TPP: Professional Text Presentations in Your Terminal

In 2026, while the world is flooded with heavy, AI-driven presentation software, the minimalist charm of the command line remains unmatched for developers and sysadmins. TPP (Text Presentation Program) is the legendary ncurses-based tool that allows you to create and display presentations directly in your terminal.

apt info tpp

Whether you are presenting at a local LUG, a tech conference, or just sharing your screen on a video call, TPP ensures that your slides are lightweight, version-control friendly, and purely geeky.

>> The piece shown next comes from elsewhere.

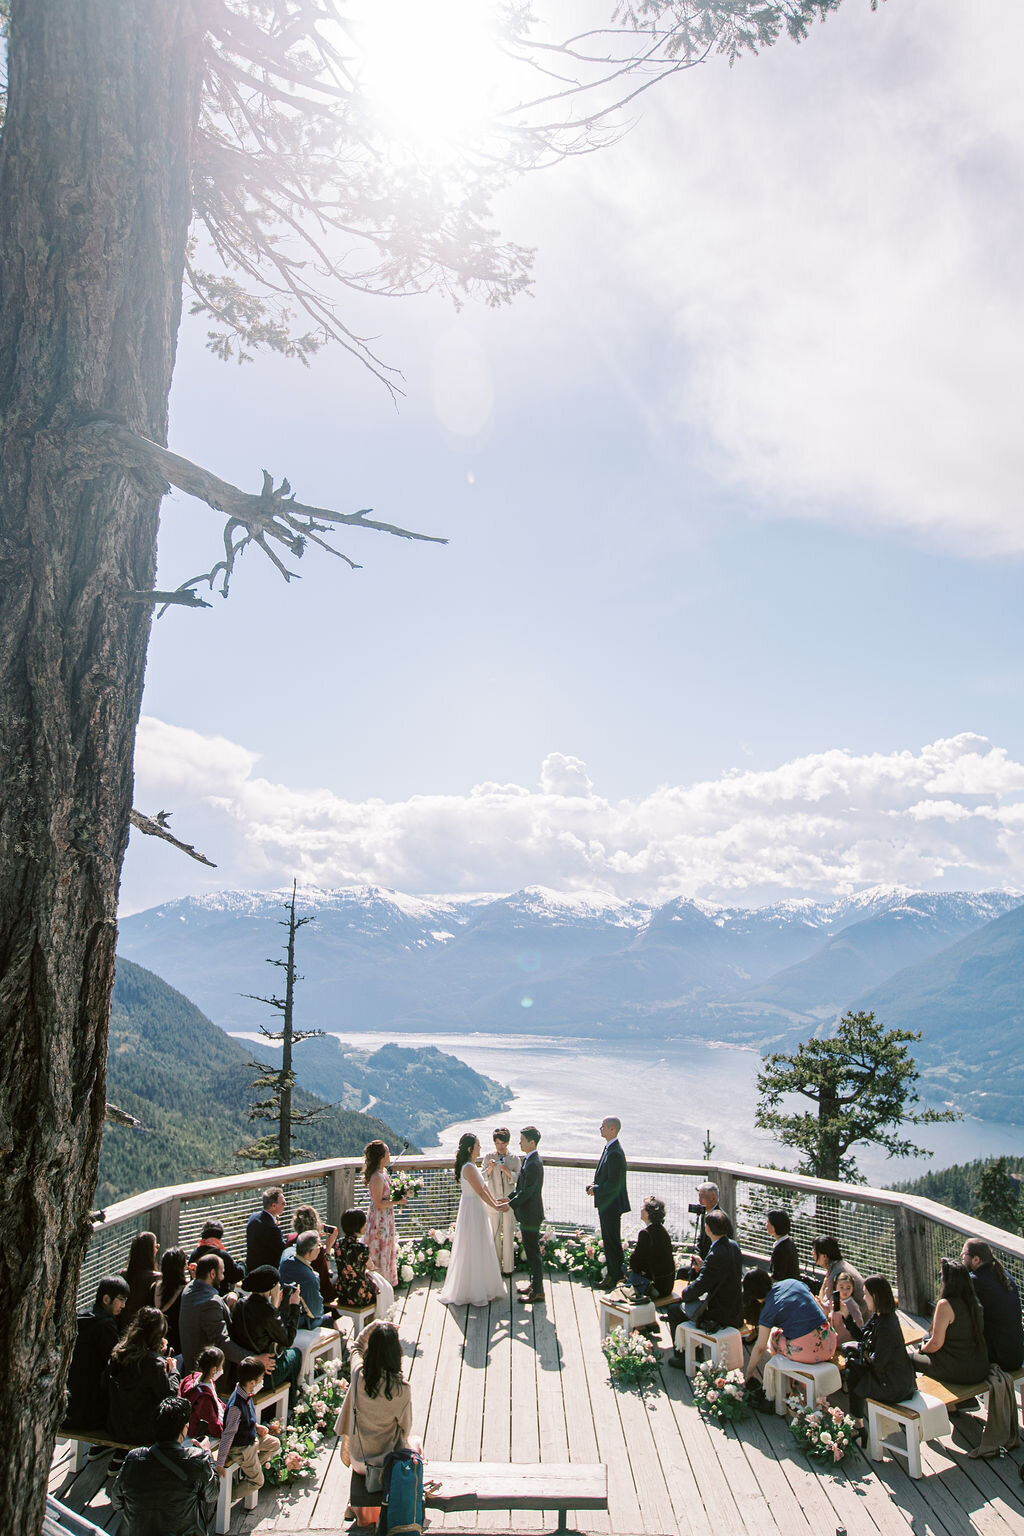 Sea to Sky Gondola Squamish wedding ceremony - Within the Flowers

Why TPP still rocks in 2026:

  • Plain Text: Write your slides in any text editor (Vim, Nano, VS Code).
  • Terminal Native: No need for a GPU-heavy PDF viewer or browser.
  • Special Effects: Supports slide transitions, colored text, and even “Star Wars” style scrolling text.
  • Code Execution: You can actually execute shell commands directly from your slides—perfect for live demos.

Quick Installation

On Fedora and other RPM-based systems:

sudo dnf install tpp

Creating Your First Slide

Create a file named presentation.tpp and add the following:

--author Your Name
--title TPP Mastery 2026
--date today
--footer Tutorials @ Linux Hub
---
--header Welcome to the CLI Era
---
* Minimalist
* Fast
* Versionable with Git
---
--beginoutput
$ echo "Hello from the terminal!"
--endoutput

To run your presentation:

tpp presentation.tpp

TPP is more than just a tool; it’s a statement. It says that your content is more important than flashy animations.

Rork

Linux hobbyist into networking and digital privacy. I use this hub to translate and store technical notes on sysadmin tasks and anonymity tools. Tech should work for people, not the other way around.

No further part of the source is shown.